What to do: Go through the listing and set it down exactly, leaving out its pictures.

Data section:
—————

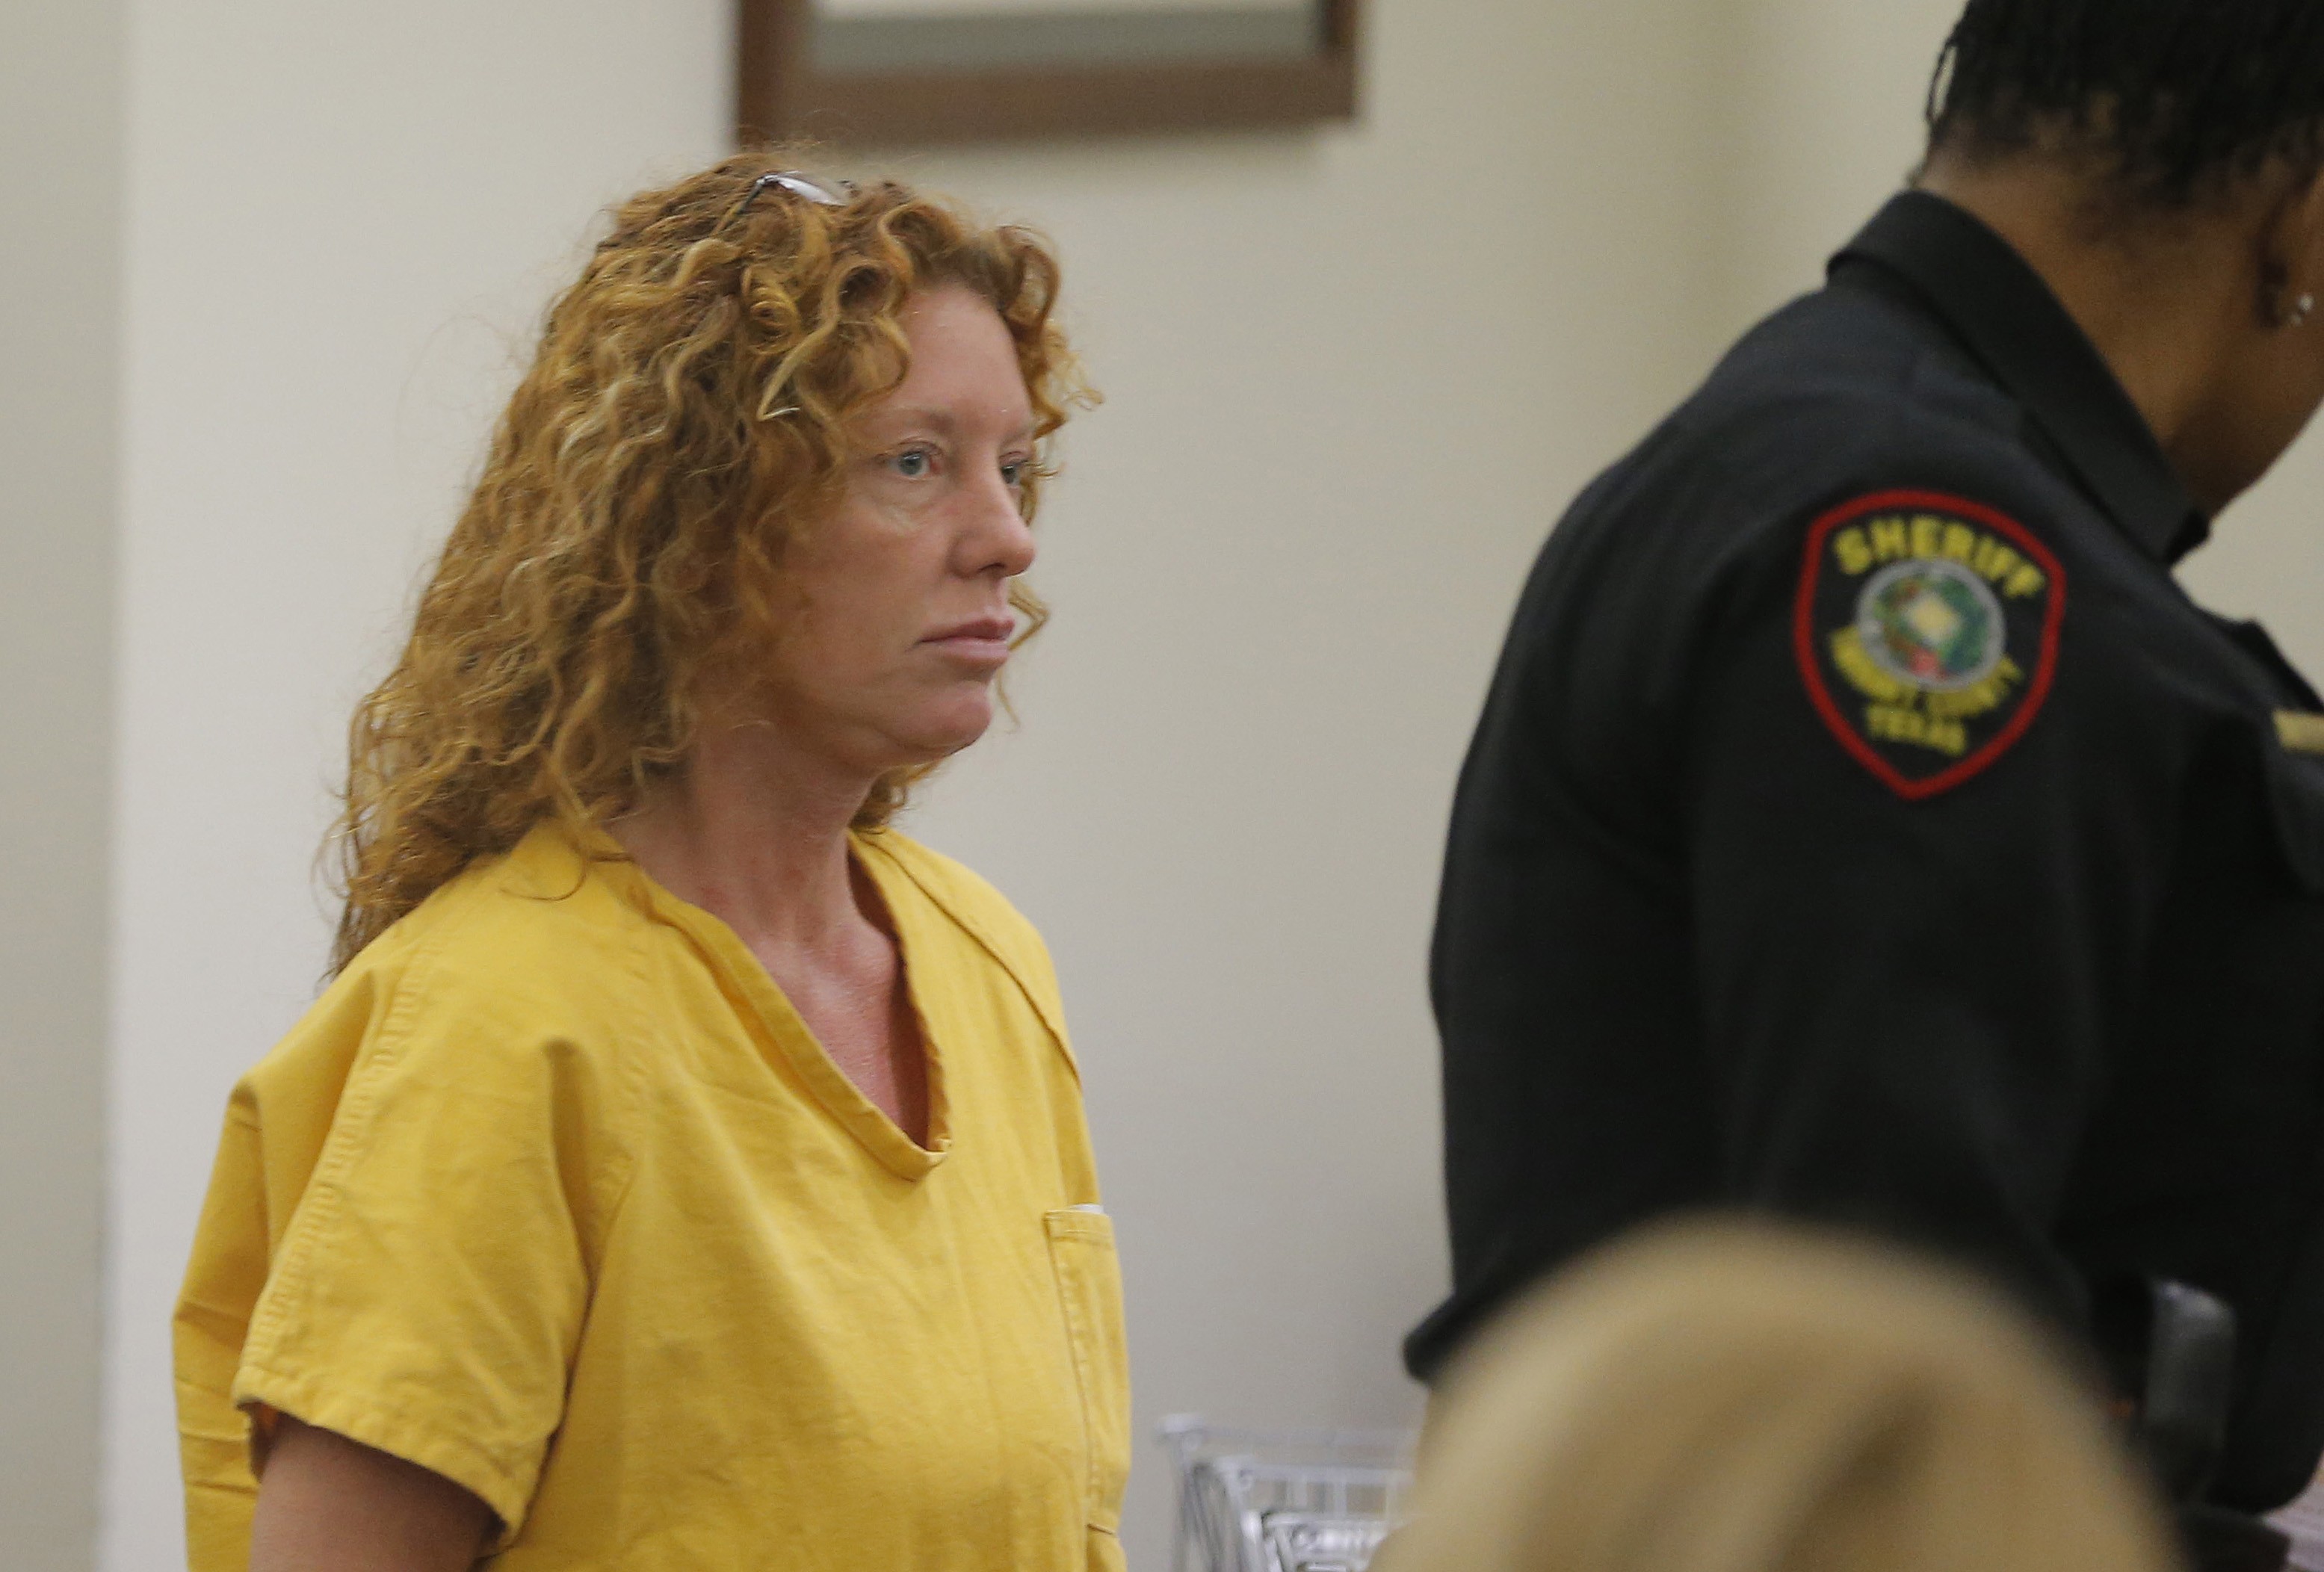 Warrant "Affluenza" teen's mom took 30,000 before fleeing to Mexico
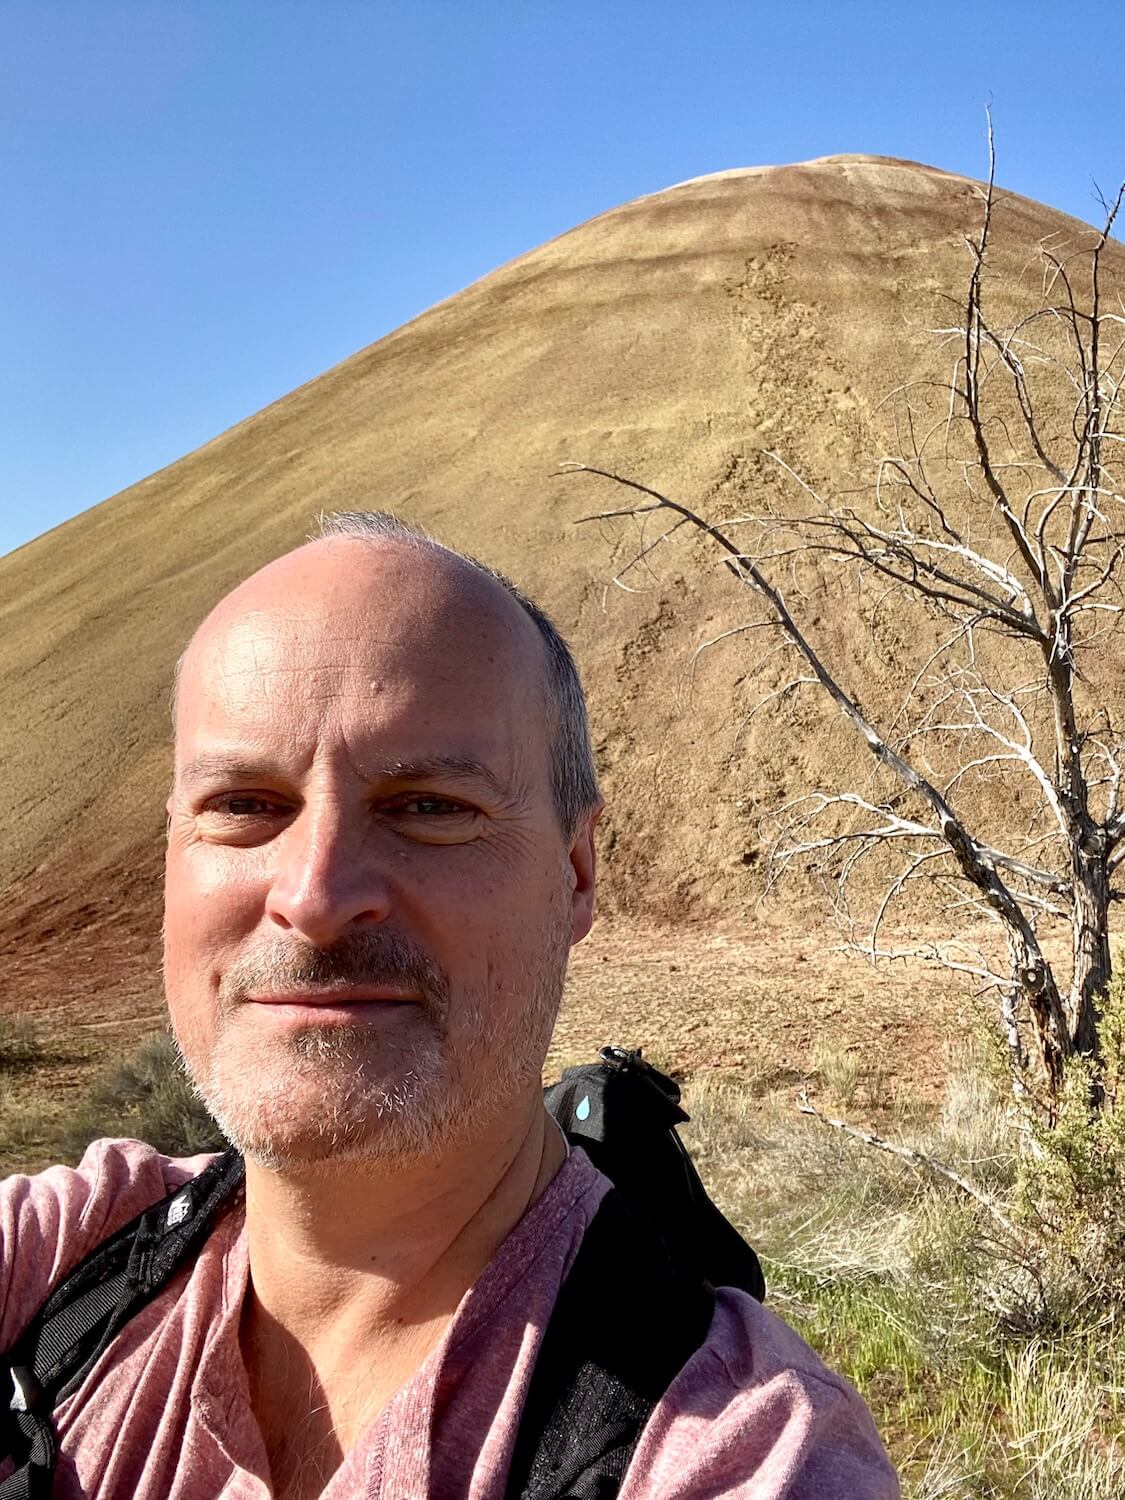 A selfie of Matthew Kessi in front of the yellow side of the large anthill-like mound.  He's smiling in front of a dormant tree with white branches and the sky above is blue. 
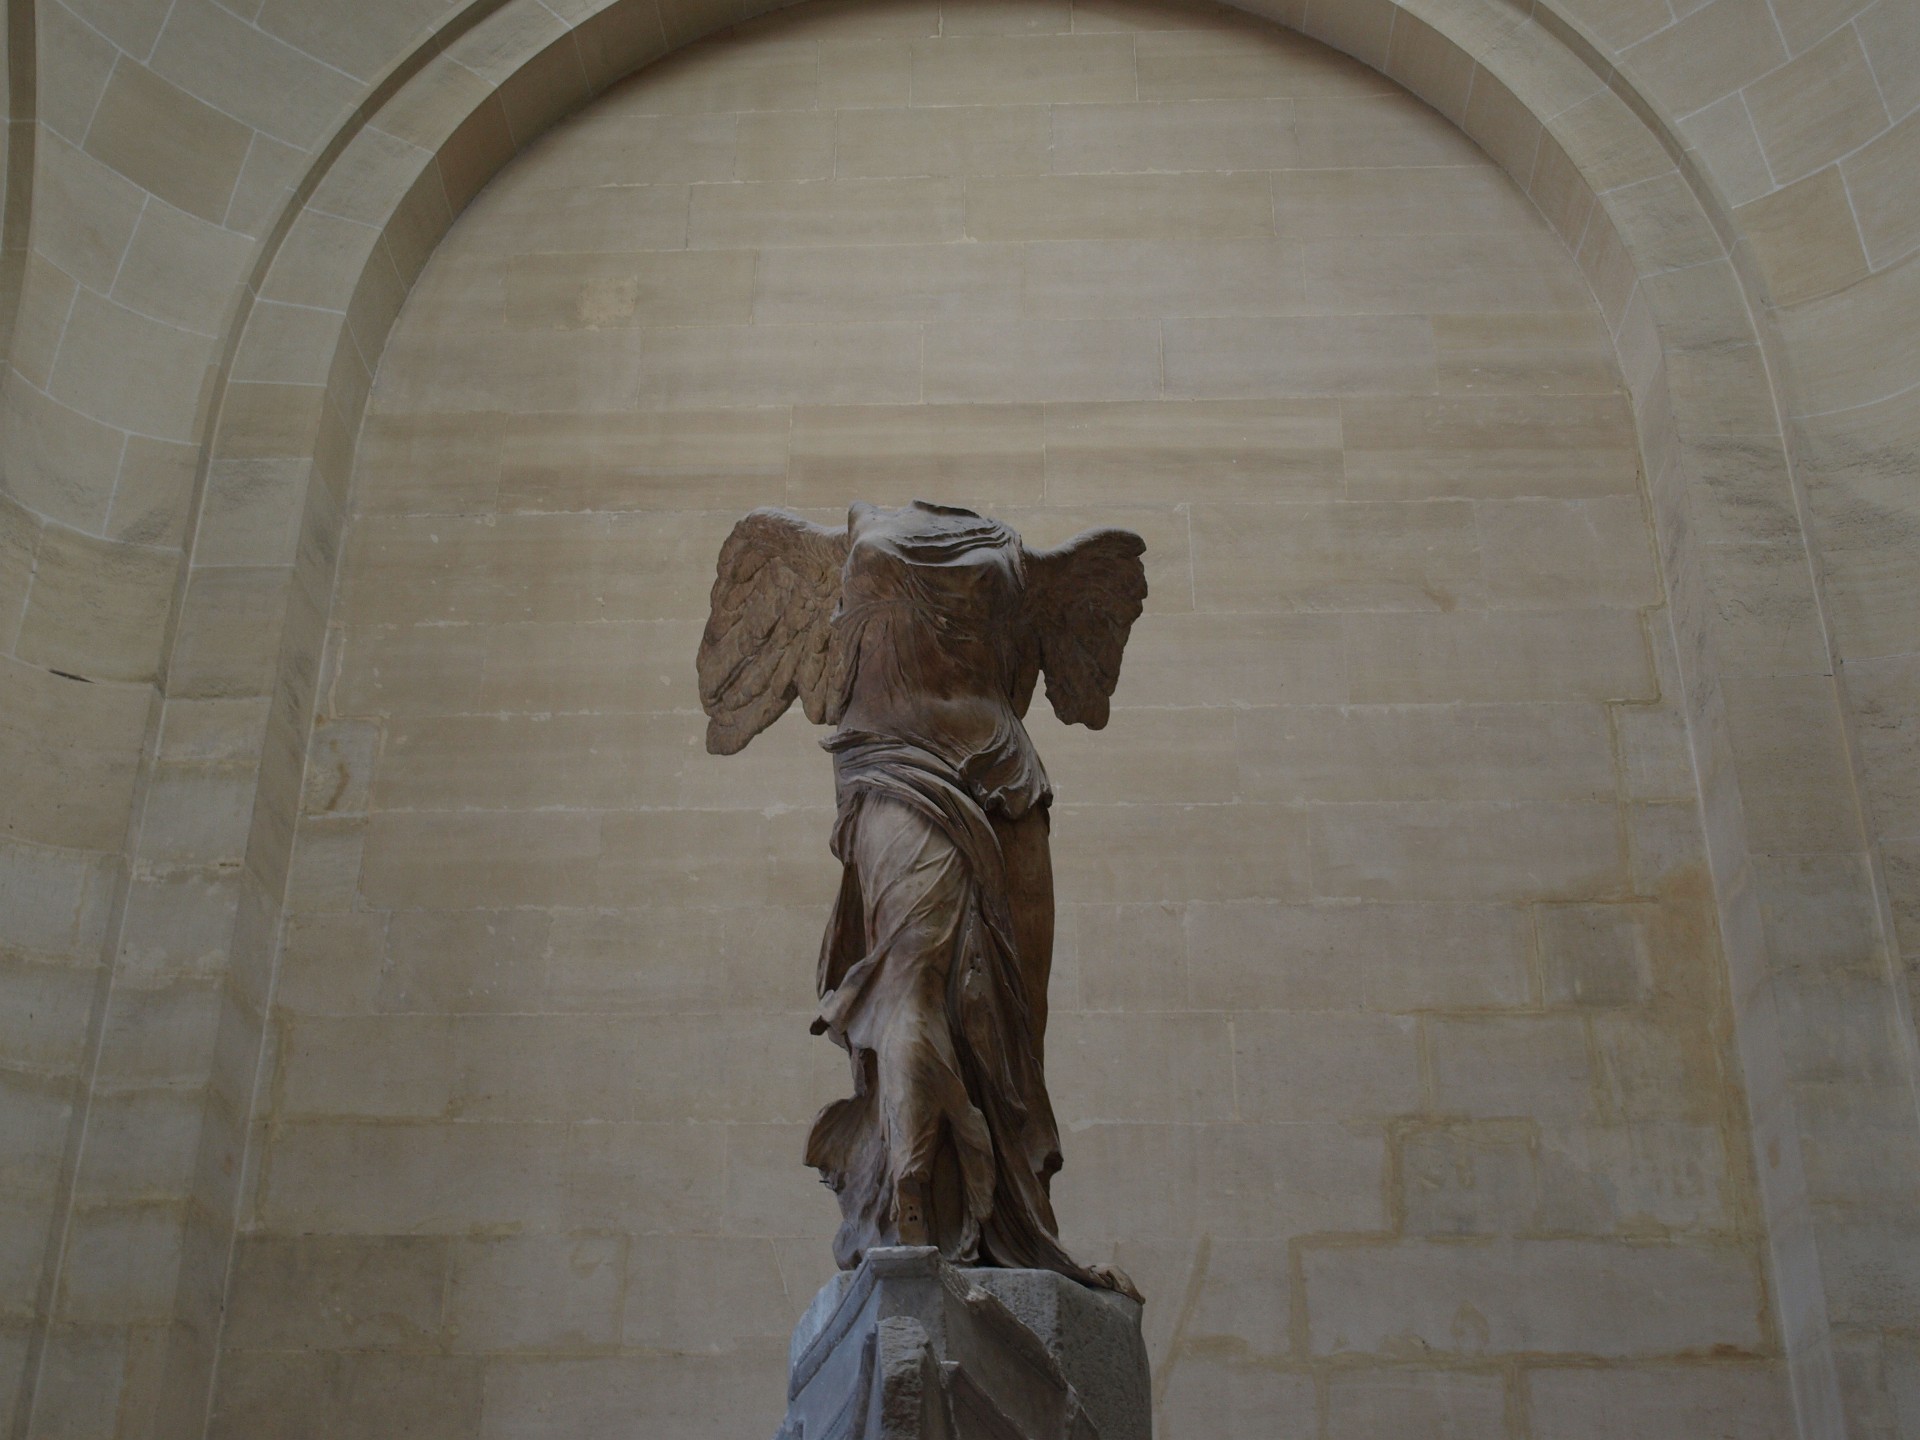 Just Under the Winged Victory

—————

Response to the task:
 Warrant "Affluenza" teen's mom took 30,000 before fleeing to Mexico
 A selfie of Matthew Kessi in front of the yellow side of the large anthill-like mound.  He's smiling in front of a dormant tree with white branches and the sky above is blue. 
 Just Under the Winged Victory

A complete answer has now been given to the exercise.